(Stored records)
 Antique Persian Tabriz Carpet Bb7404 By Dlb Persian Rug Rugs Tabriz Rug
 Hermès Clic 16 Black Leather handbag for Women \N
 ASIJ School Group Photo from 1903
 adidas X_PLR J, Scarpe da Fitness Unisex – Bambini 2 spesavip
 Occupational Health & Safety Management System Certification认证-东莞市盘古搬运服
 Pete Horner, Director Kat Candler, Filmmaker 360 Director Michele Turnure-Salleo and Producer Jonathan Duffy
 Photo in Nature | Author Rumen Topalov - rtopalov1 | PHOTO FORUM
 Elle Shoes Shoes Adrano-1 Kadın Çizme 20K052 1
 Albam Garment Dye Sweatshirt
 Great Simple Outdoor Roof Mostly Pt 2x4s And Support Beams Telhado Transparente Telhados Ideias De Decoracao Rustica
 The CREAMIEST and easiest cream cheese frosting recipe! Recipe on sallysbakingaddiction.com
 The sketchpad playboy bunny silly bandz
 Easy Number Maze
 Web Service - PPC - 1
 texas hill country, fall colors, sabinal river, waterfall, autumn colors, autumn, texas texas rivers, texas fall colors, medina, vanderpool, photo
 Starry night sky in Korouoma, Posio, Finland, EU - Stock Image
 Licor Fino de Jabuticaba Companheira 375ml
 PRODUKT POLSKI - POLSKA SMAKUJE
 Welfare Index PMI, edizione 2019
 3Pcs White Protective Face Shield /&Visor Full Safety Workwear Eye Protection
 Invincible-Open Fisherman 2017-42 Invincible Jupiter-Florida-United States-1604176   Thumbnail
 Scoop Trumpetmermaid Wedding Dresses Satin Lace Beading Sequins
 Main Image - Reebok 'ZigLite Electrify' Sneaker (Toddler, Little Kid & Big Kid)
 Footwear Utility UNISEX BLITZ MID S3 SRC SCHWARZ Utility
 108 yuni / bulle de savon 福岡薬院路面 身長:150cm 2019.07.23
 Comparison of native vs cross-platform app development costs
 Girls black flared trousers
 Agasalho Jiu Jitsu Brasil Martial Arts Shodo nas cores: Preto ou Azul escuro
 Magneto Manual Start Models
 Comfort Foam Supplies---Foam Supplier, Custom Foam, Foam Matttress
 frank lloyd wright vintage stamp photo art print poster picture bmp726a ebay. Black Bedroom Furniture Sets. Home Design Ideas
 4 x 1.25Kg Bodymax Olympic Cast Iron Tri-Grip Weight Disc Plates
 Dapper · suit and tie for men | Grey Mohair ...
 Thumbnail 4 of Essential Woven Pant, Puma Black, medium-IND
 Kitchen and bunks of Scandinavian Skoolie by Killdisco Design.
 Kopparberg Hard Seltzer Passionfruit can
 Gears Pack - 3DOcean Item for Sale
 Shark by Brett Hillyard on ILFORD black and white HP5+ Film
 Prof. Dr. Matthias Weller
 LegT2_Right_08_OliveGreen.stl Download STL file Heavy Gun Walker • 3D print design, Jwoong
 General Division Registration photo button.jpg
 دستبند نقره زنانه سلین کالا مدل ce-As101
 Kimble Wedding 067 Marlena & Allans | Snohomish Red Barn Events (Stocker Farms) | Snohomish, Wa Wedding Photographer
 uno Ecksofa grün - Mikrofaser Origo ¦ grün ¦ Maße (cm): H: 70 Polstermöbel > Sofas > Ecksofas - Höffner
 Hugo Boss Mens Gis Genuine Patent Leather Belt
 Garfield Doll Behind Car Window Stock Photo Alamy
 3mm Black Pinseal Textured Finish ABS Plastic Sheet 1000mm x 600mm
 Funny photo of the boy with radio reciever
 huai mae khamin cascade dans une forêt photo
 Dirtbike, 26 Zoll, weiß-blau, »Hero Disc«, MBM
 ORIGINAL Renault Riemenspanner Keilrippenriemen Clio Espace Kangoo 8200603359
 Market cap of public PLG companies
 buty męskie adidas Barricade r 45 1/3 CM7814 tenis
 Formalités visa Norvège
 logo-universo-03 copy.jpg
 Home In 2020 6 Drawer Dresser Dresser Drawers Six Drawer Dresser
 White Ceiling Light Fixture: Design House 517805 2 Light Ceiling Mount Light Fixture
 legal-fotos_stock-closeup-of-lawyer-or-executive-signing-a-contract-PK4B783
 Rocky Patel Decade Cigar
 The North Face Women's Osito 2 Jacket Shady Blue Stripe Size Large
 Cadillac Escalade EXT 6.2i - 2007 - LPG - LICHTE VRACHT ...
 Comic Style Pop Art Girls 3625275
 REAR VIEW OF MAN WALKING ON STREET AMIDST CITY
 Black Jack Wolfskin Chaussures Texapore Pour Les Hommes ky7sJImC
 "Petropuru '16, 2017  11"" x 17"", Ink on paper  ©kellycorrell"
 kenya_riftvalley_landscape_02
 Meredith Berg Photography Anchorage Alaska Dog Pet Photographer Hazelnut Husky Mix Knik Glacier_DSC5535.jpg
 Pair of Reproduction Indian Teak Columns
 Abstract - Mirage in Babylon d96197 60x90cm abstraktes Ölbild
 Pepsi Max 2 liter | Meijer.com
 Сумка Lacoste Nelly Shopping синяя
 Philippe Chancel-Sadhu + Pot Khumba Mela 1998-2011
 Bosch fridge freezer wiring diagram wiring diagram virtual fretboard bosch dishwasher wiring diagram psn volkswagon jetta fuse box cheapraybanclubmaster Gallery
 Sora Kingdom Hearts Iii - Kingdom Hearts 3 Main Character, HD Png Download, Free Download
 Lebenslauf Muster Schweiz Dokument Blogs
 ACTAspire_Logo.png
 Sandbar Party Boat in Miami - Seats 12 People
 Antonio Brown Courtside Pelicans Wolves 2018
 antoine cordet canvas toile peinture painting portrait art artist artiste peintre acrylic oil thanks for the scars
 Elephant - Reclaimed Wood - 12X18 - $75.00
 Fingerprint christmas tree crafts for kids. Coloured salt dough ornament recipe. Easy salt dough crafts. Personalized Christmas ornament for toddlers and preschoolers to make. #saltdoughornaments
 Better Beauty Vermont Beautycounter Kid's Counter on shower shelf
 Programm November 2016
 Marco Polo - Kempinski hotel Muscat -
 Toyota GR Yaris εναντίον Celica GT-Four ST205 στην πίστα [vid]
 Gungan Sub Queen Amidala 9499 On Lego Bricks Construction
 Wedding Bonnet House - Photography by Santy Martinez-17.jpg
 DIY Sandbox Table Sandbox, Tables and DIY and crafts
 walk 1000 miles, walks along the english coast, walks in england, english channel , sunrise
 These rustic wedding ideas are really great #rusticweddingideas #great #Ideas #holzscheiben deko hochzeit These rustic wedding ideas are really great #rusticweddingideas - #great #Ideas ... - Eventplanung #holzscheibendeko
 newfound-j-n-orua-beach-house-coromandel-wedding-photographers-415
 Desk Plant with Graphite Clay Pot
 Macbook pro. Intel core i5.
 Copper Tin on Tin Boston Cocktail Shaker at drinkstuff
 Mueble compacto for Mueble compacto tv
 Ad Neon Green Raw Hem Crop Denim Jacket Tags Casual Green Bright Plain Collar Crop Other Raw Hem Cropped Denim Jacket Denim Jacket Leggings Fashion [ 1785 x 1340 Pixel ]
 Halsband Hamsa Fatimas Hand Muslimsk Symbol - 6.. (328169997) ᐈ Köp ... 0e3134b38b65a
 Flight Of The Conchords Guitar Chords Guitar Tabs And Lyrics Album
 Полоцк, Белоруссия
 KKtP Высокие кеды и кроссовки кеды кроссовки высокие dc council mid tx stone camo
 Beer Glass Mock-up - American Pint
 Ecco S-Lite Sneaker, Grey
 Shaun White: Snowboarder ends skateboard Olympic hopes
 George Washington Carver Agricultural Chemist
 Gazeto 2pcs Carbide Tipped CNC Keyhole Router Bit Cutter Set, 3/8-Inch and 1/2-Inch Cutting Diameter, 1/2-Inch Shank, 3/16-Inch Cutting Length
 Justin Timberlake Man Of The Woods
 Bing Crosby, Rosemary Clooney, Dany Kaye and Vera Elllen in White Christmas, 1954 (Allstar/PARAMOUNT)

- **What to work on**: Retype only this portion of the data above: the line containing "Copper Tin on", the line containing "Полоцк, Белоруссия", and all lines between them, exactly.

- **Worked solution**:
 Copper Tin on Tin Boston Cocktail Shaker at drinkstuff
 Mueble compacto for Mueble compacto tv
 Ad Neon Green Raw Hem Crop Denim Jacket Tags Casual Green Bright Plain Collar Crop Other Raw Hem Cropped Denim Jacket Denim Jacket Leggings Fashion [ 1785 x 1340 Pixel ]
 Halsband Hamsa Fatimas Hand Muslimsk Symbol - 6.. (328169997) ᐈ Köp ... 0e3134b38b65a
 Flight Of The Conchords Guitar Chords Guitar Tabs And Lyrics Album
 Полоцк, Белоруссия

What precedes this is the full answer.